Work request -
Which lines of the data contain the string "Image"? Copy every one of them.

(Collected data)
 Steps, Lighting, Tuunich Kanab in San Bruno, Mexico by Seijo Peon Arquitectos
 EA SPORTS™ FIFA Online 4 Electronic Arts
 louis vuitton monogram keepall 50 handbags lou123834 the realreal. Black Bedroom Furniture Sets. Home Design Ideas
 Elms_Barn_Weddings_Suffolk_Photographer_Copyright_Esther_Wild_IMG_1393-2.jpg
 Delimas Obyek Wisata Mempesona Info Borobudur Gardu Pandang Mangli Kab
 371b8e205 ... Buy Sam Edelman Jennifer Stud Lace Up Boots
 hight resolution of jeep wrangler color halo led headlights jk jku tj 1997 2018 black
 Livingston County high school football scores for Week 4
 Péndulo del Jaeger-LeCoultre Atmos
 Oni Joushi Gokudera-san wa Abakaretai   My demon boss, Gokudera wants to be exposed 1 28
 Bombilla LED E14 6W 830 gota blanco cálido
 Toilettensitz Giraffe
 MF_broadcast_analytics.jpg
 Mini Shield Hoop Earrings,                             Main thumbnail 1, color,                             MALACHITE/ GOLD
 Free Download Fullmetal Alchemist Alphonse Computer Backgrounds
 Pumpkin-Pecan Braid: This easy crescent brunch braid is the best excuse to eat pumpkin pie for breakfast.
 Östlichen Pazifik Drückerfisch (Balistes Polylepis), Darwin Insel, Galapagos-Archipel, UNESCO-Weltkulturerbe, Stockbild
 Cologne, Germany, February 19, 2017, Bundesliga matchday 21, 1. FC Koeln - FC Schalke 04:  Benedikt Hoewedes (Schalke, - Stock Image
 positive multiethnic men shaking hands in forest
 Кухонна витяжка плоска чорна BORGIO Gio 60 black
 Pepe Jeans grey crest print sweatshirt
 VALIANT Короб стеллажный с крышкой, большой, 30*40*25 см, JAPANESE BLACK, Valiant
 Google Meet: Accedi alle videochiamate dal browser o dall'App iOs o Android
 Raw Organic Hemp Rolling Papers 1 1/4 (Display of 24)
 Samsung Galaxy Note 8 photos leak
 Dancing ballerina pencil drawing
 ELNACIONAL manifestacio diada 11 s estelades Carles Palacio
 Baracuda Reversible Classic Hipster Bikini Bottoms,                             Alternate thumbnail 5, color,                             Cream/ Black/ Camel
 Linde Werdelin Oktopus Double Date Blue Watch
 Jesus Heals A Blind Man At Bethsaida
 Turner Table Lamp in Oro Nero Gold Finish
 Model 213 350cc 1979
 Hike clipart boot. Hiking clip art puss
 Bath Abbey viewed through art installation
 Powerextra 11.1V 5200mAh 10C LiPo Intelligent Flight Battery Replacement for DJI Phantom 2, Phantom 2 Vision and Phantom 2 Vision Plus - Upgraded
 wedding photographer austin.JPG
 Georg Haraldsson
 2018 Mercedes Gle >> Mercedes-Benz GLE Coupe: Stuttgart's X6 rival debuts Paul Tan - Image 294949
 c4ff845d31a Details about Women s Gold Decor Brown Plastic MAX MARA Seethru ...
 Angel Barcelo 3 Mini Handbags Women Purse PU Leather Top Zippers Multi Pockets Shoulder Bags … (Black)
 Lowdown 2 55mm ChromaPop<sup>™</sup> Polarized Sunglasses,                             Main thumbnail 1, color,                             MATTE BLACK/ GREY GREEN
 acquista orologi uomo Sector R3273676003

Written solution -
 Cologne, Germany, February 19, 2017, Bundesliga matchday 21, 1. FC Koeln - FC Schalke 04:  Benedikt Hoewedes (Schalke, - Stock Image
 2018 Mercedes Gle >> Mercedes-Benz GLE Coupe: Stuttgart's X6 rival debuts Paul Tan - Image 294949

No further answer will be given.